Советскую литературу нам преподносили в несколько исторически-патетических  тонах, а когда я открыла для себя мир зарубежной литературы, всего лишь классики, то учительница, вызвав в школу мою маму, сообщила ей, что у меня вредное увлечение западной литературой. Но на литературу, кино и театр в нашем доме никогда не было никаких запретов, не то что у некоторых.

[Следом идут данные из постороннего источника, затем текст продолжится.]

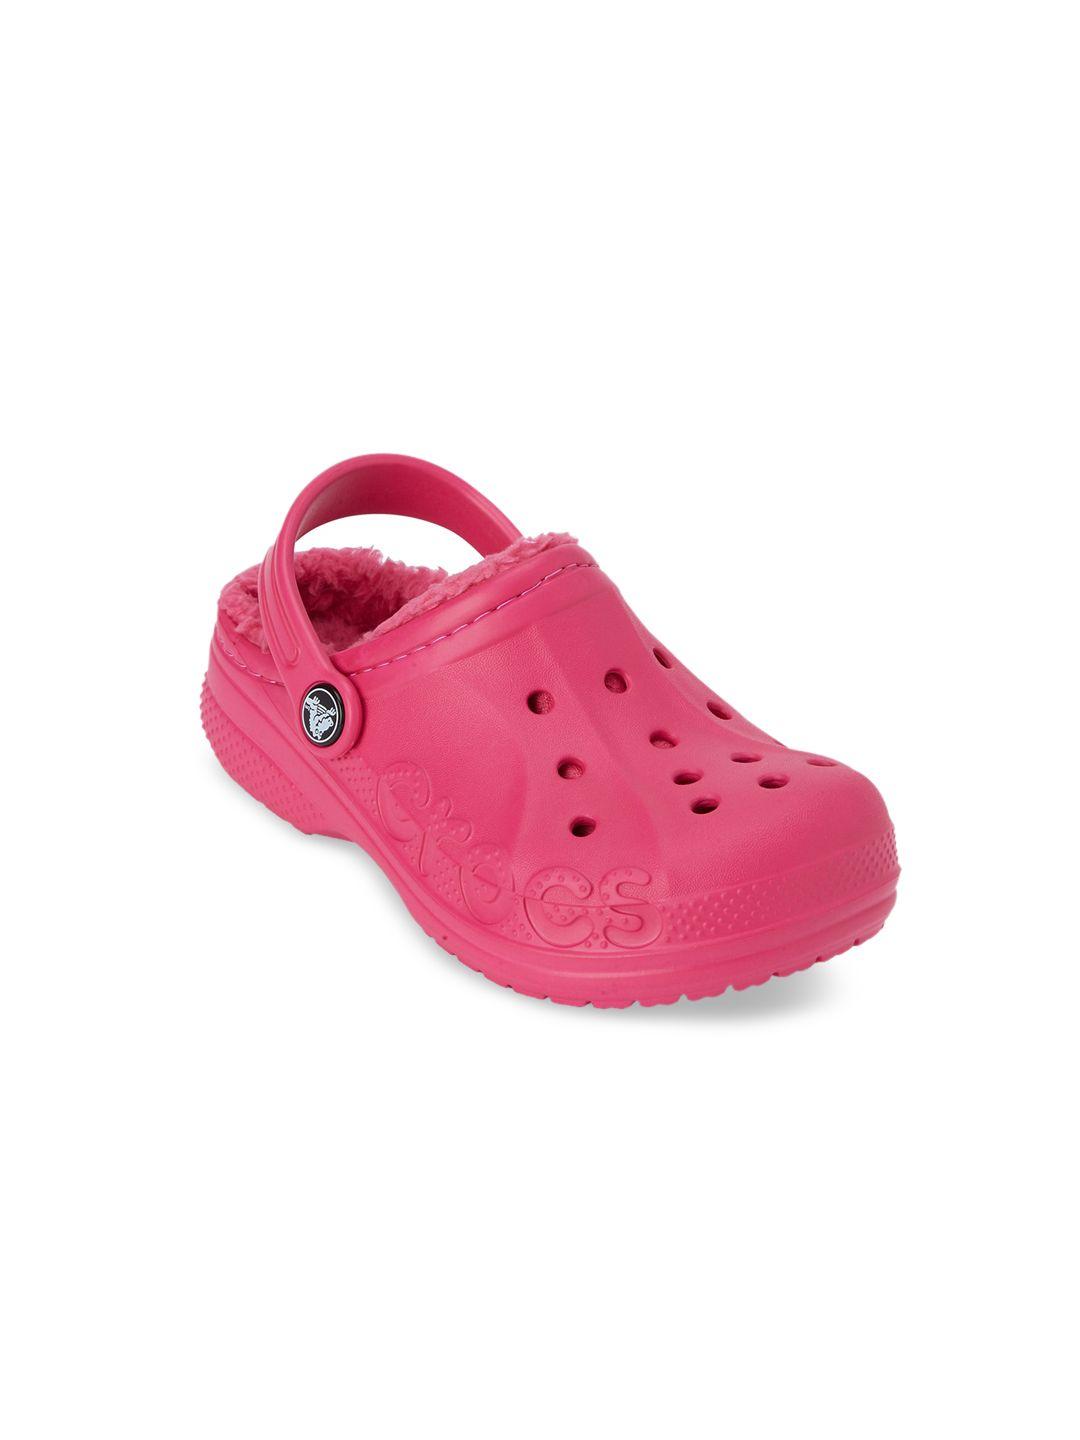 crocs bayaband girls pink clogs

Помню, на первом курсе одна из преподавательниц спросила, читали ли мы «Декамерон» Бокаччо, и девочки дружно откликнулись: «Мама не разрешает читать его», что несказанно обескуражило бедную женщину.
«Великая эпоха» дала сбой, когда моя соседка из параллельного класса, очень слабая ученица, решила в кои-то веки дать разыграться своей фантазии, написала сочинение о воображаемом путешествии в какую-то капстрану, откуда она вернулась в СССР, где «так не угнетают народ». Но в пылу творческого азарта, так некстати охватившего ее, она проскочила через частицу не . Получилось: «где так угнетают народ». Это уже было ЧП. Она рыдала и буквально, не образно, била себя по голове; мнение преподавателей было единодушным: не выносить сора из избы, да и девочка слишком бесцветна, чтобы решиться на такое умышленно. Ну, а девочка решила больше в жизни не рисковать – ну их к лешему, эти науки! – и в 18 лет выскочила замуж, нарожала крепеньких мальчишек и жила – не тужила.

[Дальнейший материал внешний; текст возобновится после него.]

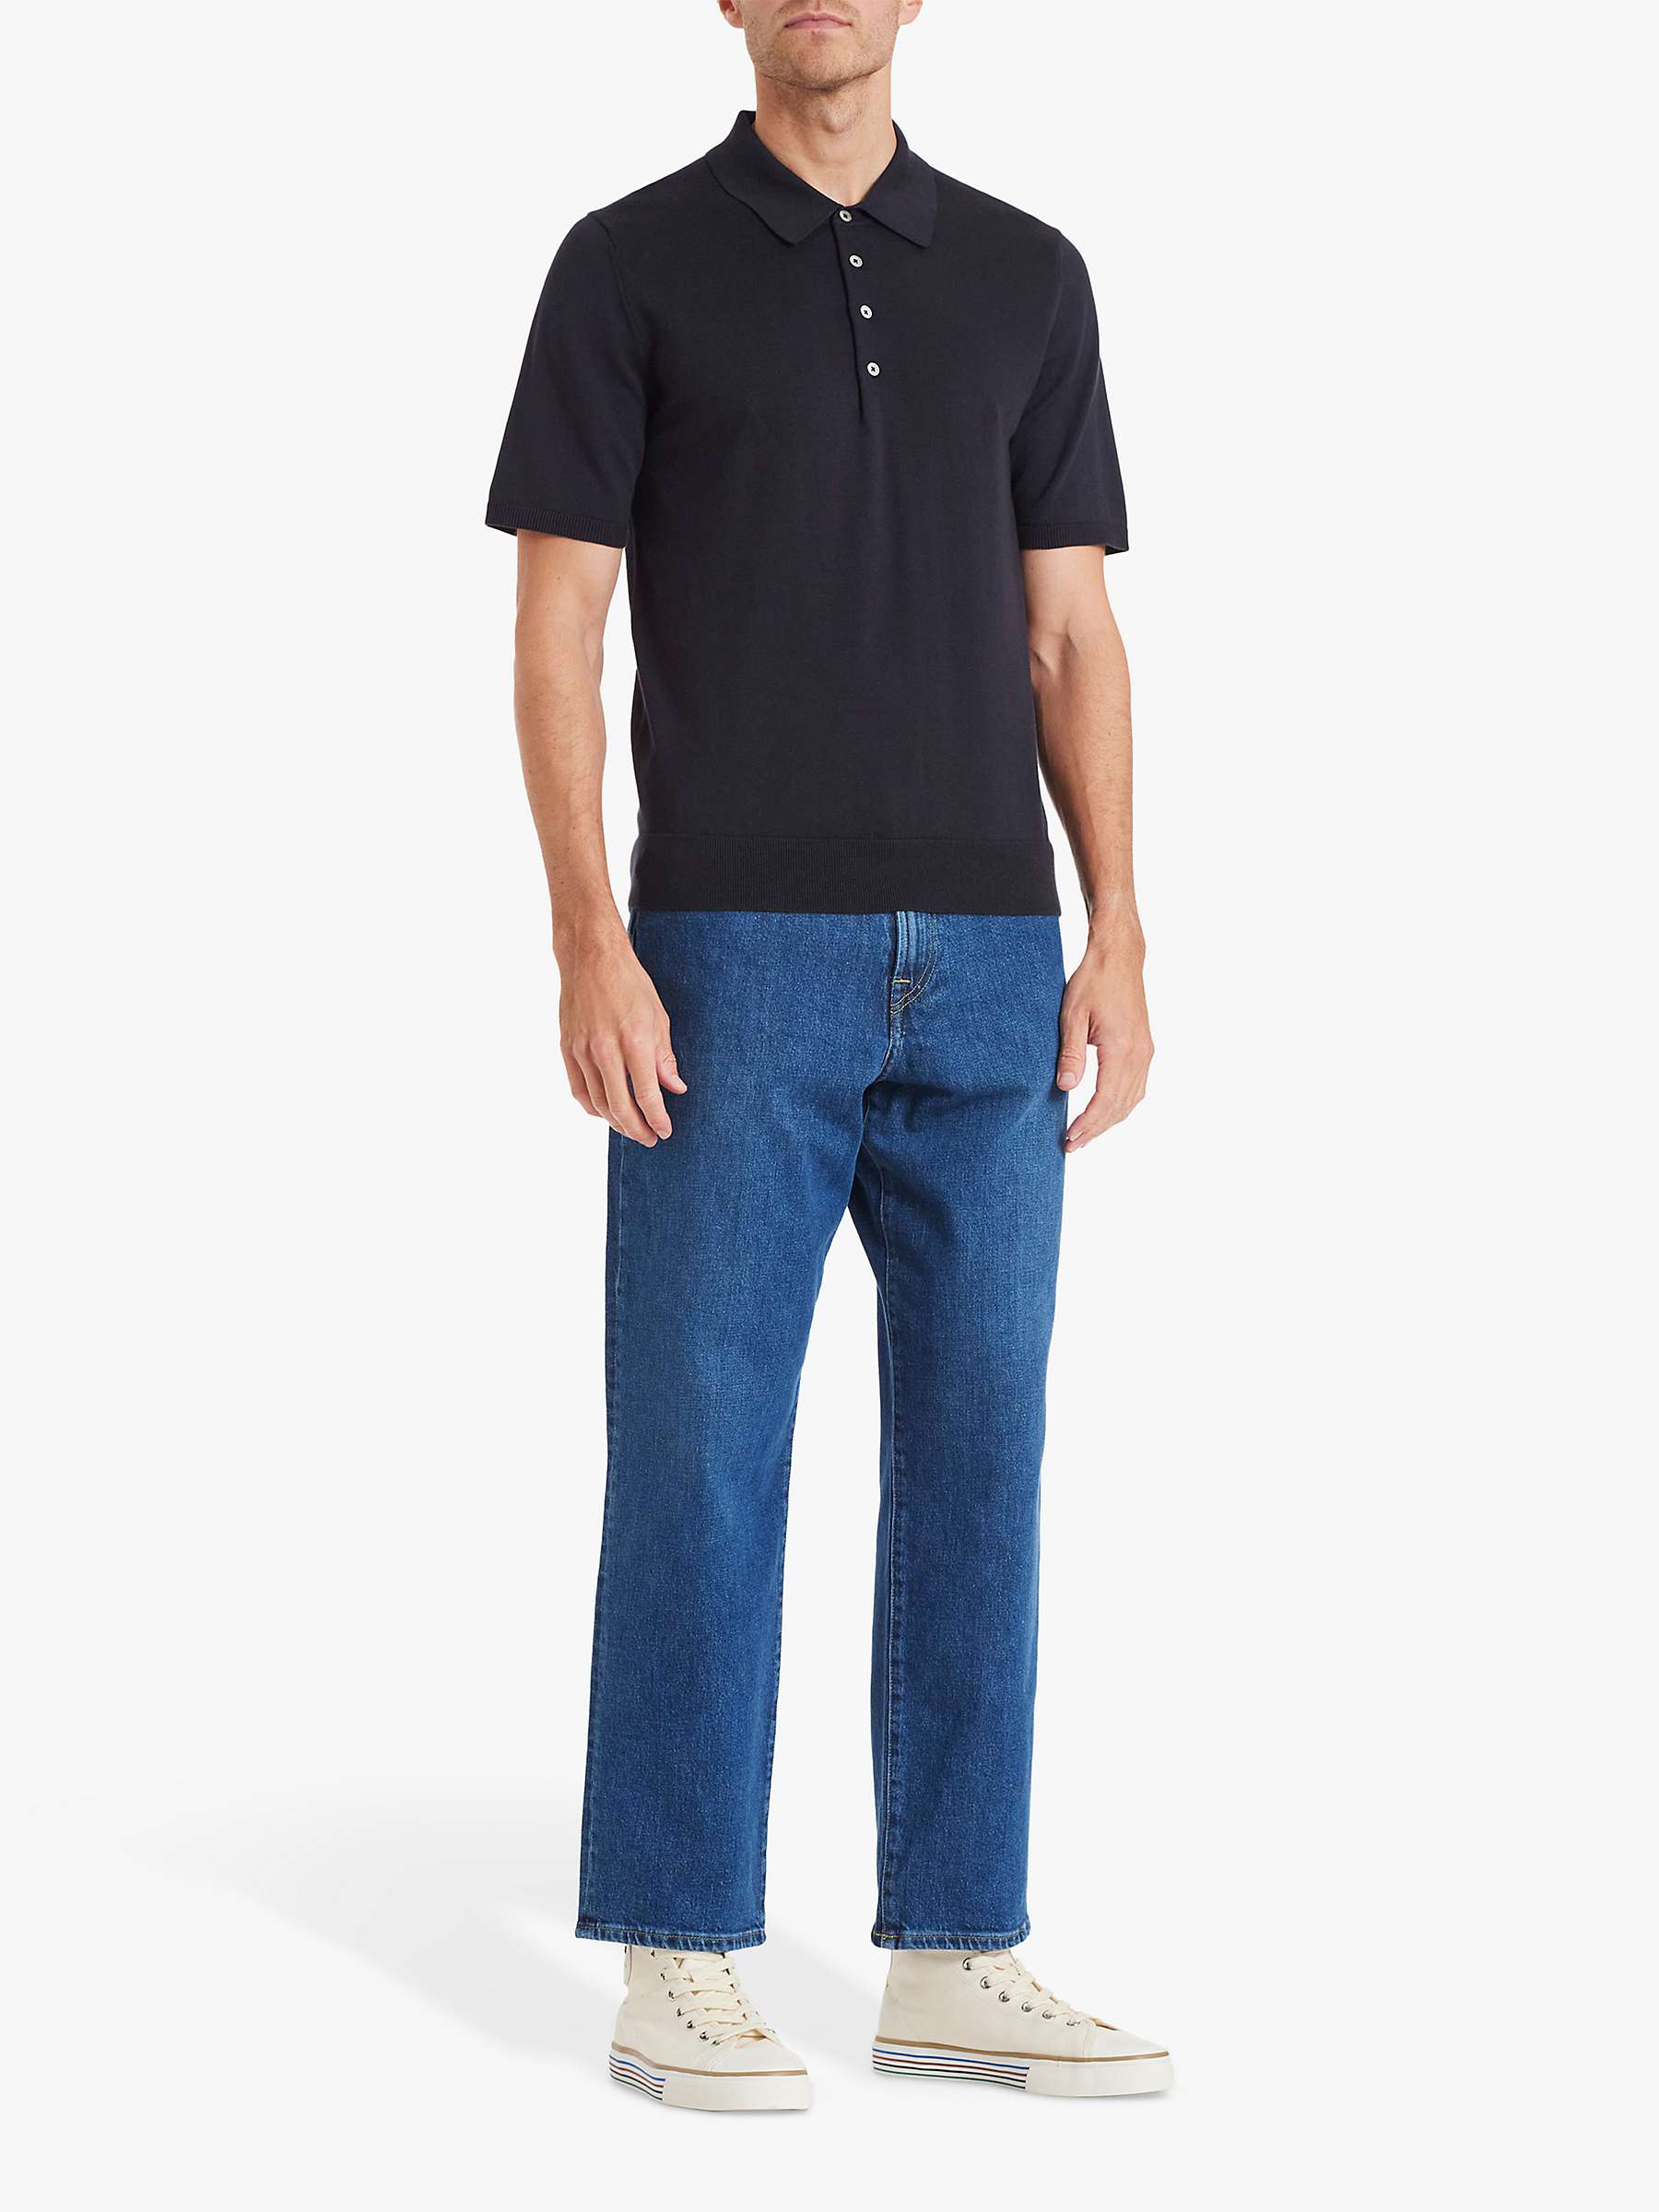 Buy Paul Smith Organic Cotton Short Sleeve Polo Shirt, Black Online at johnlewis.com

Наш дворовый хулиган, когда хотел особенно досадить всем, ругал нецензурными словами вождей пролетариата. А сосед наш, жуткий сквернослов, доказывал, что и Ленин употреблял слово «говно», а у него всего лишь армянский вариант его. Его бедная жена до того привыкла к мужниному способу выражать мысли и чувства, что говорила: «Не люблю, когда говорят литературно, по мне – пусть уж лучше ругаются».

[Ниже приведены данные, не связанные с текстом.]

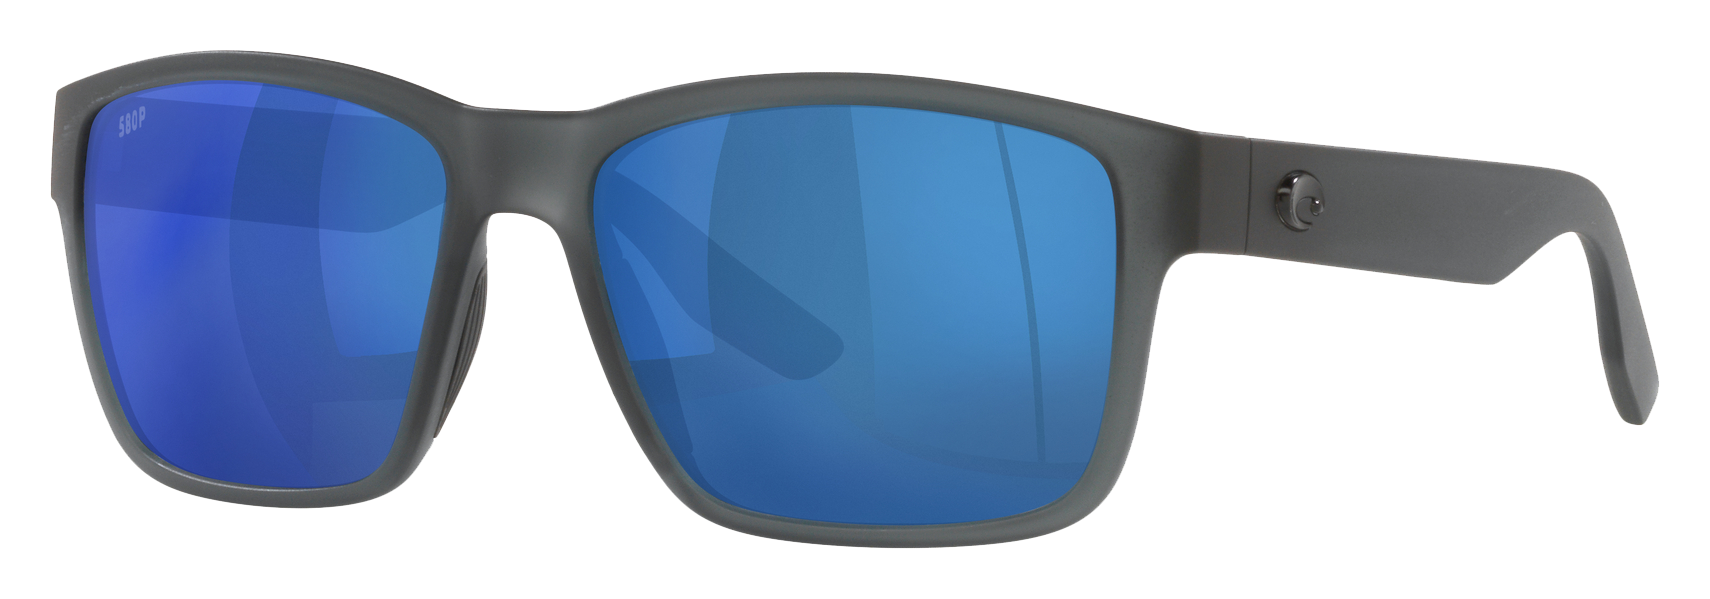 Costa Del Mar Paunch 580P Polarized Sunglasses - Blue Mirror/Matte Smoke Crystal - Large

В 56-м мы заканчивали десятый, когда рухнула идея «великой эпохи», и это вселило в нас какое-то чувство вины за все не нами содеянное, а фанатиками мы не были и до этого.


ЖИЗНЬ В ИСКУССТВЕ С СЕРДЕЧНЫМИ ПЕРЕЖИВАНИЯМИ

Особую роль в нашей жизни, эстетическом сталовлении играл театр, хотя на первом месте все же оставалась литература. Но и театр мы любили всякий – профессиональный и самодеятельный. С благоговением и восторгом ходили на спектакли театров Сундукяна и Станиславского, поклонялись Грачья Нерсисяну больше, чем Ваграму Папазяну, который к тому времени несколько утратил форму и был лишь ходячей легендой. А малышня влюблялась в молодого Хорена Абраамяна, врывалась к нему в дом, где его жена Люся угощала их пирожками, как-то забросала его снежками, а на спектаклях бисировала или освистывала его – по настроению.
Но любили мы и школьные спектакли, на которых мужские роли доставались девочкам, и они иногда настолько входили в таковую, что на глазах меняли сексуальную ориентацию. Так, одна из них, которая изображала мужчин, нацепив фуражку на свои черные кудри, потом ввела моду скопом влюбляться в красивых учительниц, рассказывала, как ходила к одной  домой каждый день и когда та спросила ее, зачем она приходит, ответила: «Я хожу ради вас, ради ваших глаз». И у нас на глазах развертывались настоящие романы с бурными сценами ревности, ссорами   и примирениями.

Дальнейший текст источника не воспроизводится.